Бумага выпала из ее рук, и Серафима пятилась, пятилась назад, к двери, и не было в ее глазах страдания и покорности, а только ужас и отчаяние.

– Дура! Какая же ты дура! – орал рассвирепевший комендант. – Мы же вышлем тебя с твоим выводком, и будешь ты кровью харкать и мечтать о куске хлеба! И жалеть будешь! Ох, как ты будешь жалеть! – он допустил слабость под взглядом этих глаз, он проговорился, высказал этой Серафиме то, что нельзя, не разрешено было говорить, и от этого свирепел еще больше.

Серафима продиралась через скопившихся в приемной людей, тыкалась, ища выхода, потом нашла, выскочила, судорожно глотнула свежий воздух. Ноги стали ватными, и она ухватилась за косяк.

– Вам плохо? – участливо спросил ее пожилой мужчина.

– Нет, спасибо, я сейчас… – она сошла с крыльца и стала оттирать, очищать платье, руки от брызг комендантской слюны, от смрада комендатуры, намешанного на едком дыму, человеческих испарениях и людском горе; она не могла принести этот смрад в свой дом, своим детям.

Дома ее давно ждали.

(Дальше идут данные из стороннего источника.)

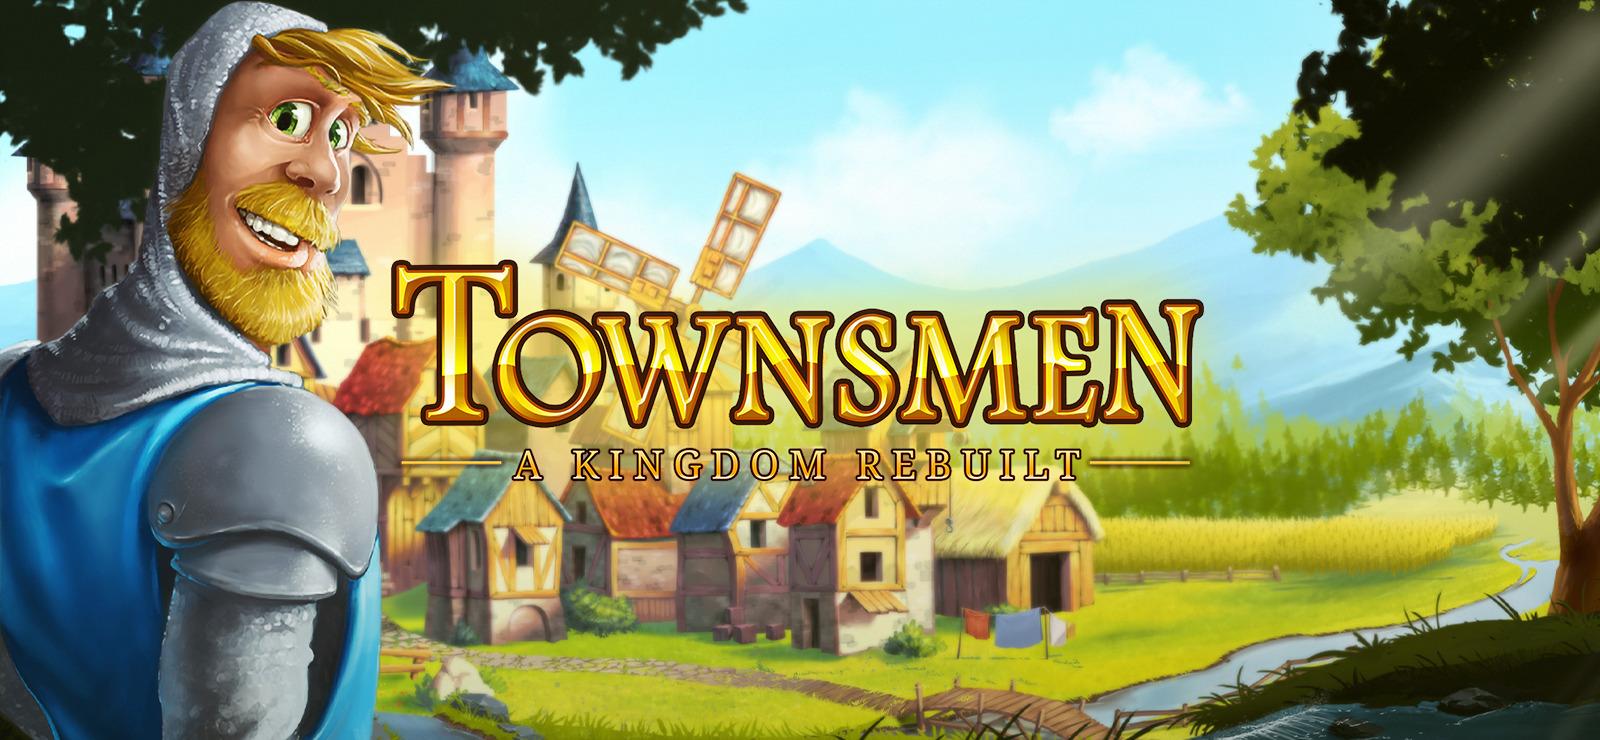 Townsmen A Kingdom Rebuilt Complete Edition-GOG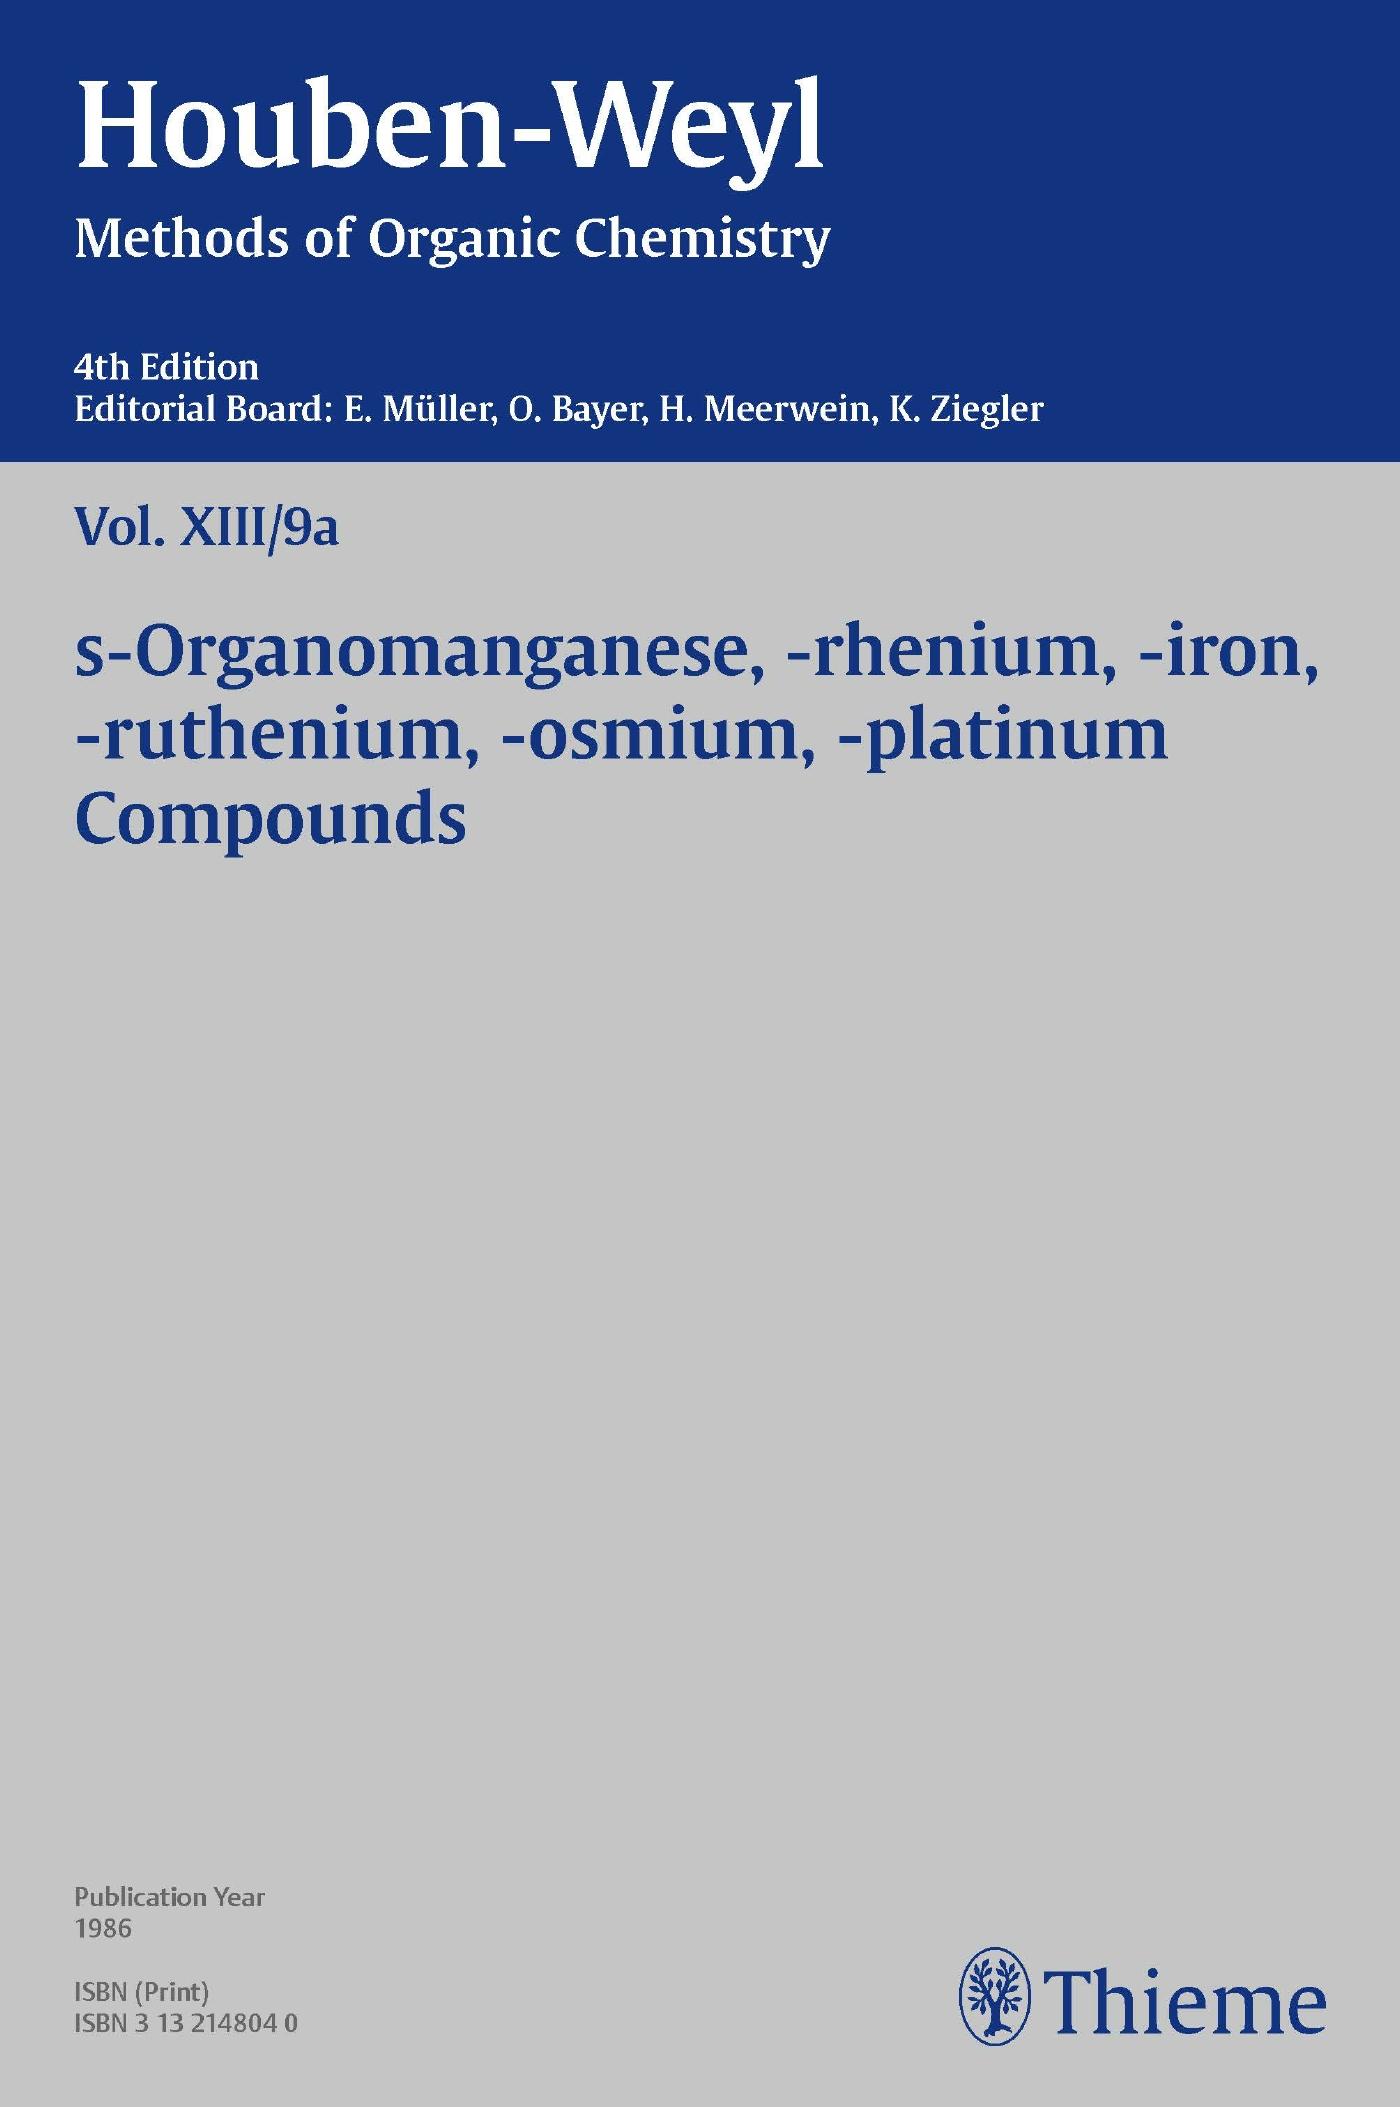 Houben-Weyl Methods of Organic Chemistry Vol. XIII/9a, 4th Edition

Муж Ося сидел совсем потерянный, и от него пахло водкой.

 

– Я все и всех обошел, все бесполезно. Был даже у Зотова в народном комиссариате, он меня принял без очереди. Я ему говорю: Василий Петрович, ты же меня знаешь, мы с тобой вместе водку пили, и не раз, помоги. А он: извини, Иосиф, не могу, идет война, даже героя Советского Союза Кренкеля высылают из Москвы, даже Отто Юльевича Шмидта. Значит, так надо… Завтра в девять – эшелон на Казанском вокзале. Из вещей разрешают только то, что можем унести.

– Мама, ну какие мы немцы?! – кипятилась Нина. – Мы же даже немецкого языка не знаем, только в школе. Я же в комсомол вступила, а теперь мы каждую ночь против немцев дежурим на крышах, тушим зажигалки, если немцы их сбрасывают. Ну за что так? – и мелкие злые слезы катились по ее щекам.

Мать обняла всех, крепко прижала:

– Ну все, ничего не поделаешь. И слезами горю не поможешь. Давайте собираться.

Утром пришла машина, Ося договорился на фабрике. Грузились суетливо и бестолково. Прощались с привычными, дорогими сердцу вещами, отбирали самое необходимое: что-то из посуды, узлы с одеждой, связанные бечевкой стопки книг. Получалось много, не поднять, и снова развязывали, отбирали, откладывали. Серафима настояла взять швейную машину. Дореволюционный «Зингер» был ее приданным, ее драгоценностью, обшивавшей всю семью и соседей. Напрасно Ося горячился и убеждал: «Брось ты эту рухлядь, лишняя тяжесть, нас привезут на новое место и там предоставят все возможности, так мне сказали». Сима, всегда уступчивая и покорная, стала стеной: «Я ее не оставлю, пусть больше ничего не возьмем, но “Зингер” поедет с нами».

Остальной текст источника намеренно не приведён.